美化された記憶
あれから、3年がたった。3年。もう、3年がたつのか。彼女の傷は、まったく癒えてないと、共通の友達から聞いていた。そうすることによって、自分を守っているのかもしれない。なんとなく、その気持ちは、わかる気がした。
僕の罪は、そんなにも、許されないものであったのか。そんなはずない。と、考え直す。
「彼女の人生を終わらせたい。」
ふと、呟いた僕に、何言ってんのこいつ、とでも言いたげな声が聞こえてくる。
「もう終わらせれてようなものだと思うんだけどなぁ」
淡々と。
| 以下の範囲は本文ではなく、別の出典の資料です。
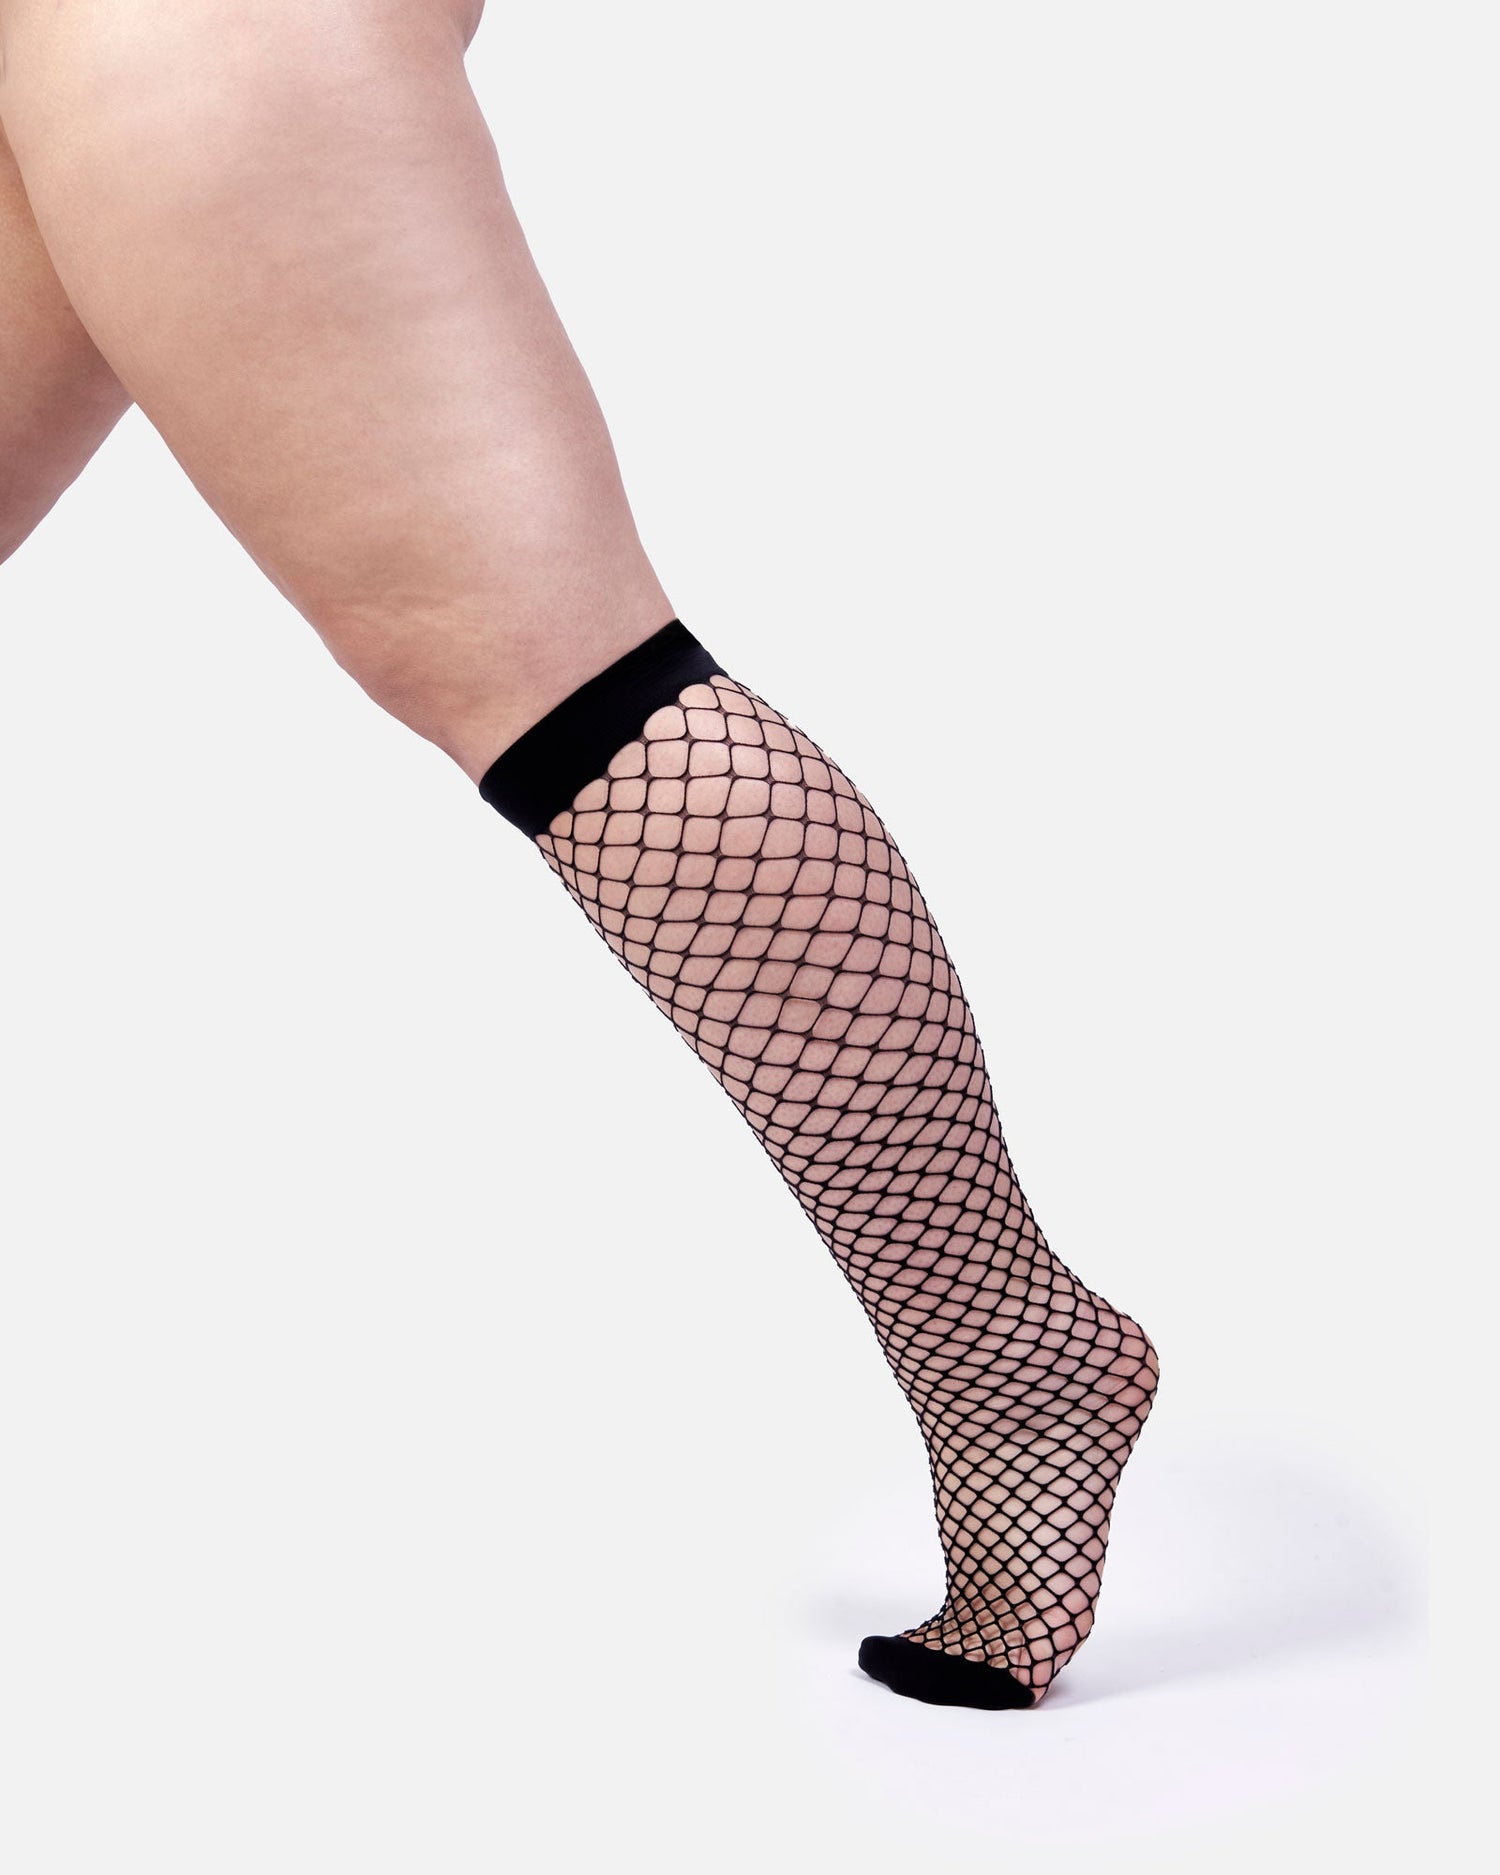 The Untamed Fishnet Knee High Socks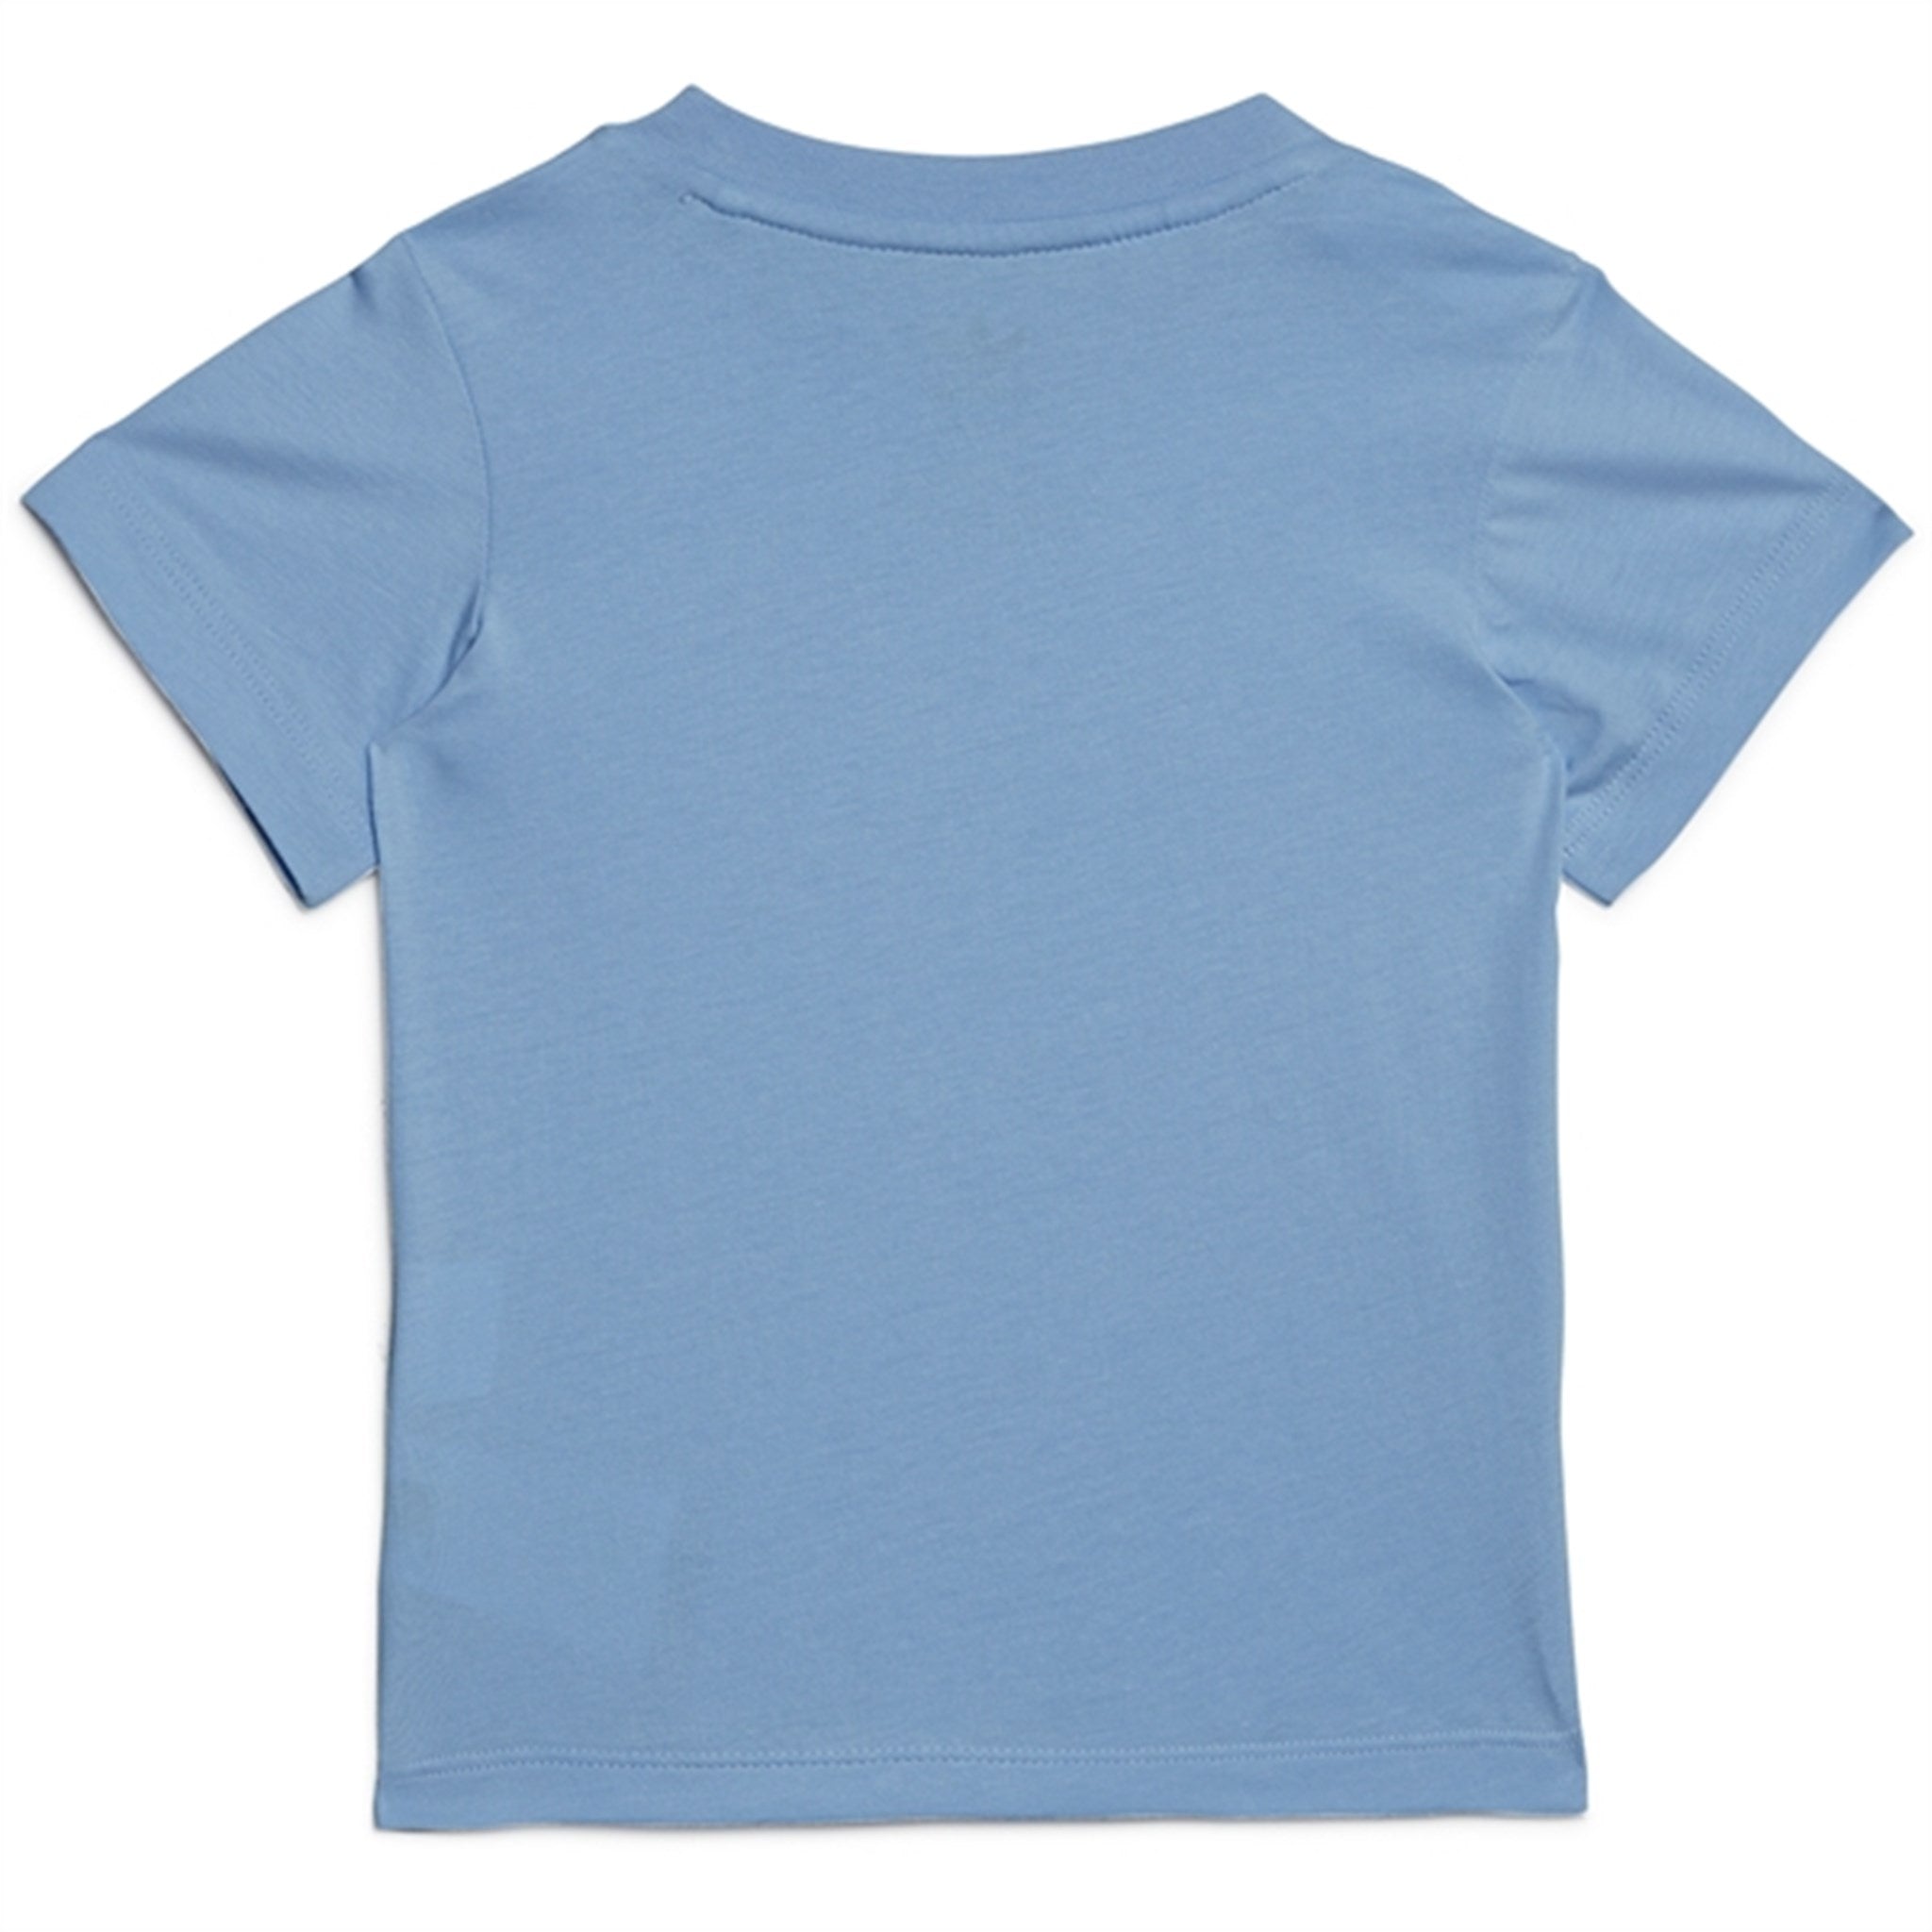 adidas Originals Light Blue T-Shirt 5

まるで、何百回も練習したように、なんの、淀みもなく。言い放った。
はっ、として、僕は振り向く。それは、まぎれもなく、彼女だった。
「なに?殺してくれるの?」
そう。なんの曇もない目で、聞いてきた。あんな、澄んだ綺麗な目で、そんなことを言えるものなのか、と、人事のように思った。そして、すべての力が彼女に持っていかれたのではないかと思うほど、力が抜け、たちまち、立てなくなった。
ショックだった。いや、受け入れられなかっただけだ。
"彼女が生きている"という事実に。
彼女を記憶から、心から、消すことで、僕自身を守ってきたのかもしれない。
もう、彼女が生きていると証明された世界で生きてはいけない。
僕は、彼女に向かって走り出した。
彼女を刺すために。
美化された記憶
僕は、思った。
彼女が好きだと。
それでも愛していると。
美化された記憶の中で。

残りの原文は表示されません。